ククは宇物専攻の大学生でデルモもやってるとか、ヱイトさんはその学校の近くのレンタルビデオ屋さんでバイトしてるとか、ゼシたんも近くの女子大付属の女子高行ってるとか……あんま筋書きに関係ない設定だけはいろいろwwww
兄上のご職業は海運のヤリ手さん。そこはあんまり拘りないんですよね。仕事がデキる男ならそれでいいって感じで(*´∀`)
 ビジネスの世界に足を踏み入れて以来、ずっと海運畑(海で畑も変な話だ)を歩いてきて今、歳の割には異例の地位を得ているわけだが――と、マルチェロは咥え葉巻でデッキブラシを動かす。仕事一徹という性質でもない、むしろ程よく道楽を知っている彼である、だから却って仕事も能率よく進むし部下にも女にも好かれる、自覚もある。
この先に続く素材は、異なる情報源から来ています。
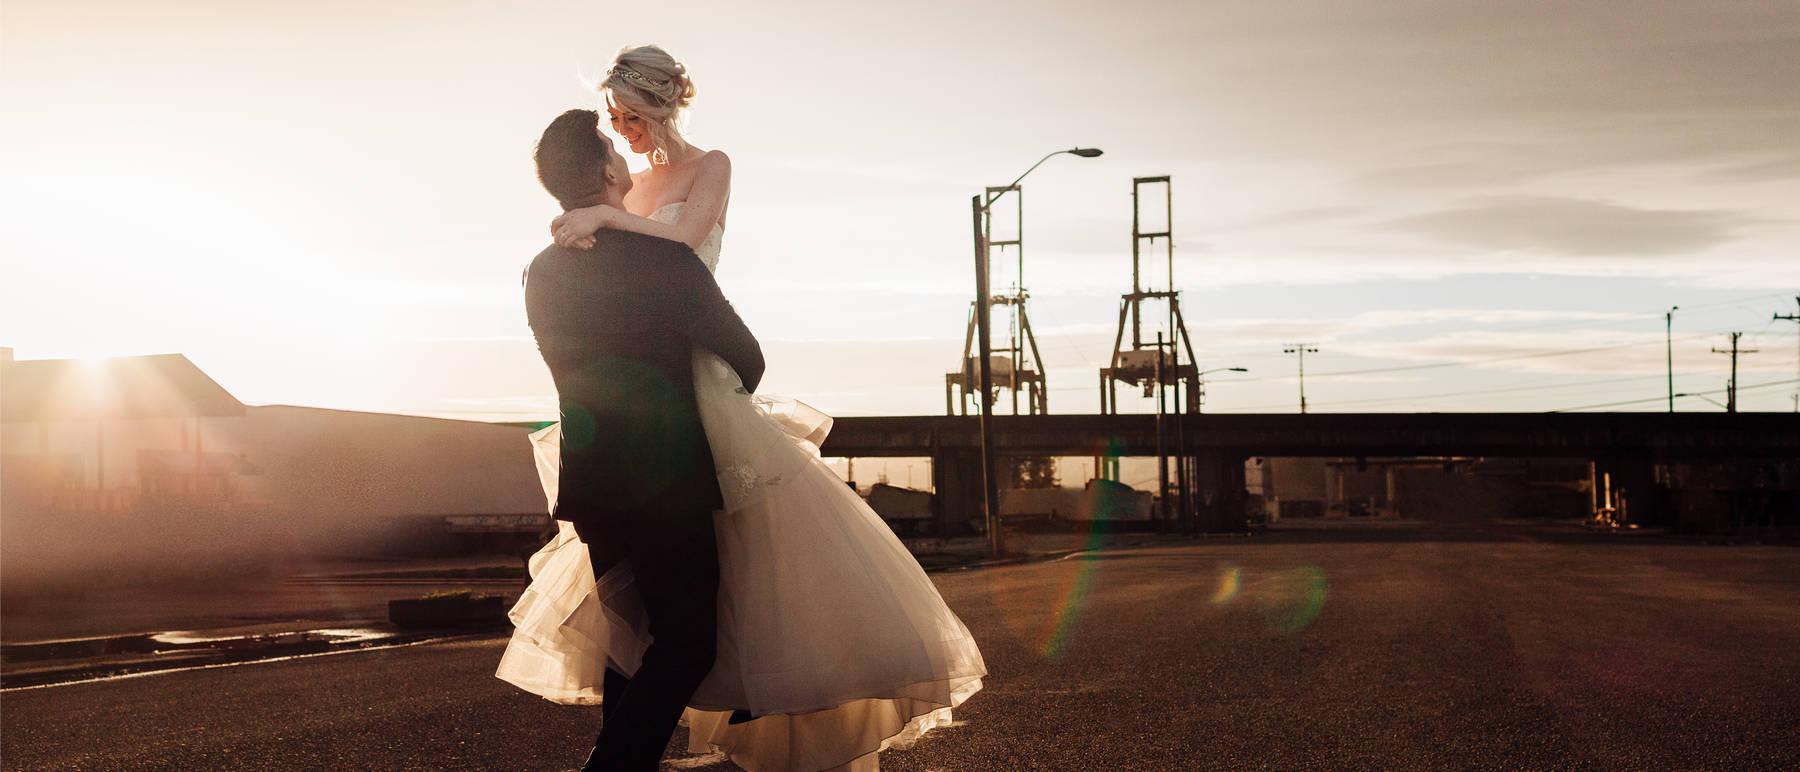 johnandjoseph-wedding-photographer-hz-slider-365

それでもこうして、稀の休みまでマリーナに来てクルーザーの上で過ごしているのだから、自分にも少々ワーカホリックの気があるのかもしれないと思った。さすがに船底の貝殻剥がしは人手に任せるが、デッキをせっせと磨くくらいには、自分の船を大事にしている。
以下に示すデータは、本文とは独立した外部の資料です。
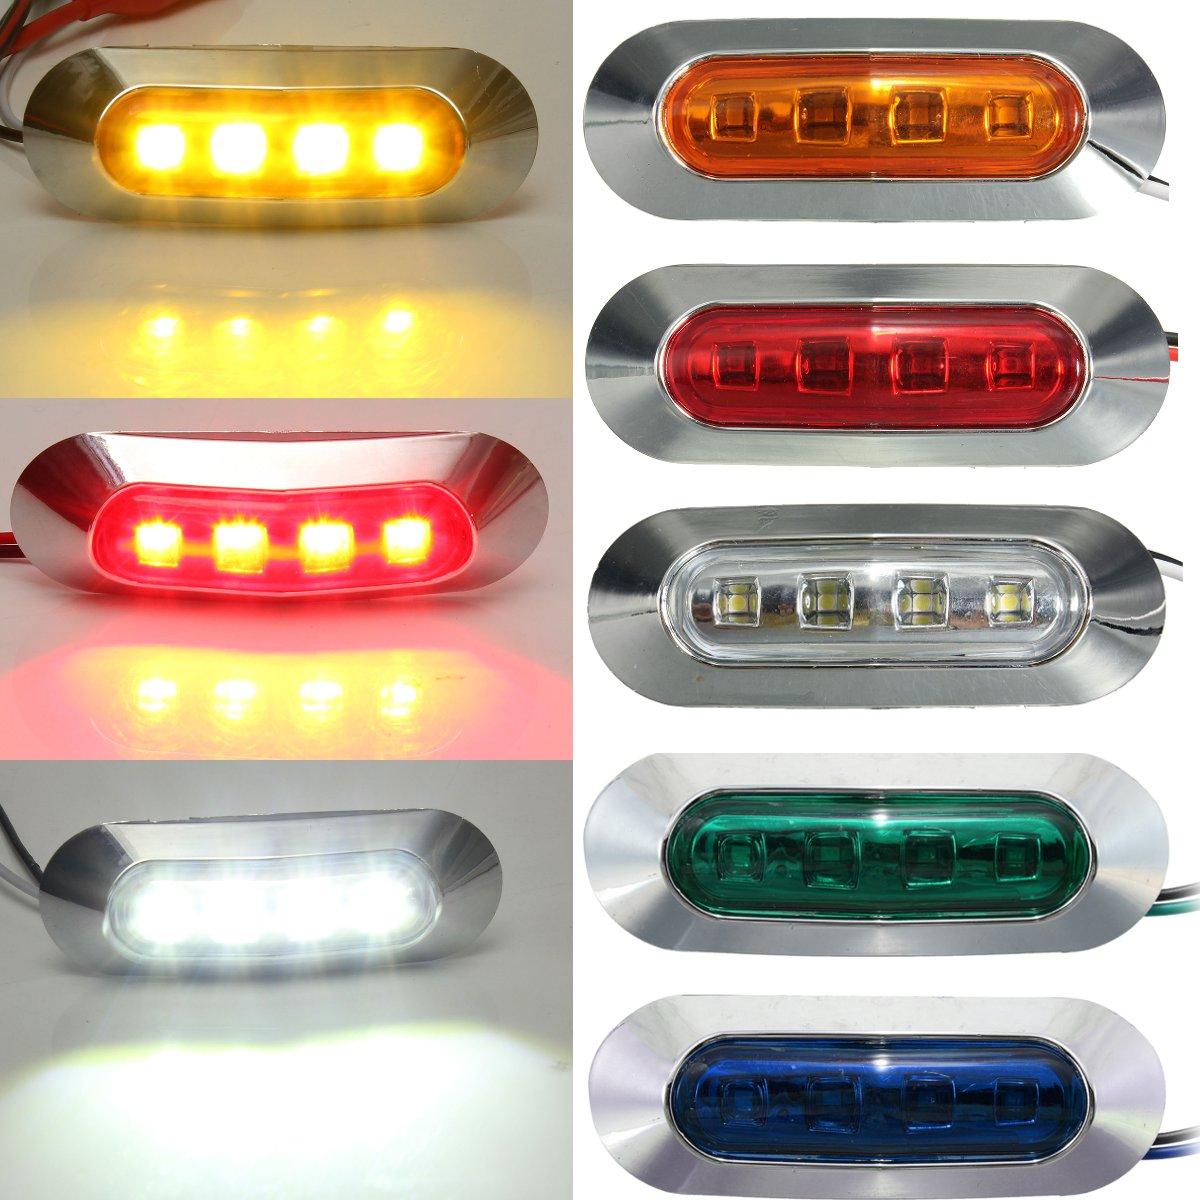 Luz de posición Universal 4led, luz indicadora lateral de distancia de posición de coche, camión, autobús, remolque, indicador lateral de luz roja, blanca, ámbar, azul y verde

 今日も暑くなりそうだ。こんな日の作業は、どこか子供の時分の水遊びのようで、我ながらガキ臭いとは思うが気分がいい。磨いたバウデッキ一面に、仕上げとばかりに水をぶちまけた。……と、
「わっ」
予想外の声。桟橋にはさっきまでカモメしかいなかったものだから、周りを見ていなかった。
「これは悪いことをしたな、君、入って拭いてくれ」
そこにはすらりとした、明るい銀の髪の青年が立っていた。ラフな恰好だが、輪郭と髪によく合ったサングラス、アンティークのレアなアナログ時計etc.、実はさりげなく抜け目ない。
「じゃあお邪魔さま」
軽い調子でそう答え、スターンデッキへ足音もさせずに飛び乗る。マルチェロもバウからそちらへ回ってみると、ずぶ濡れのパーカーを脱いでいるところだった。中のタンクトップもまだらに濡れている。現れた腕は、ロールアップしたバギーから出ている脛と同じく、真っ直ぐで白い。
「シャワーも使うだろう?」
「うん、そうするつもりだったけど……」パーカーを勝手にシートに投げ、明るく頭を振り払う。濡れた髪の先から飛んだ水滴までキレイに見えるような子だ。「オレ泳ぎたいな。ね、少し沖に出てみません?」
 船を出せと言うのだ。だが馴れ馴れしいはずのセリフも、無遠慮な振る舞いも、不思議と癇に障らない。これをなし得るのは、娼婦の手管か、子供の純粋さか、さもなければ貴公子の品格だ。さてどれに当たるかと思うに、これがなかなか判断つかない。小首の傾げ加減や前髪を掻きあげる仕草は年恰好にも性別にも合わない濃い色気を孕んでいるが、そこに作為は感じられないし、整った顔立ちは、ブルーグラデーションのレンズが目を隠していても十分に上品で、逆らう気を起こさせない。マルチェロは苦笑しながらキャビンからシガーチューブとキーと替えのTシャツを取ってきて、シャツだけ投げてやった。
「来い」
そう言ってフライブリッジへ上がった。溜息混じりにシートに座った割に、実のところ悪い気分はしていない。青年はシャツを着替えてから軽快にラダーを上がってきて、案の定、勝手に隣のナビゲーションシートに腰掛けた。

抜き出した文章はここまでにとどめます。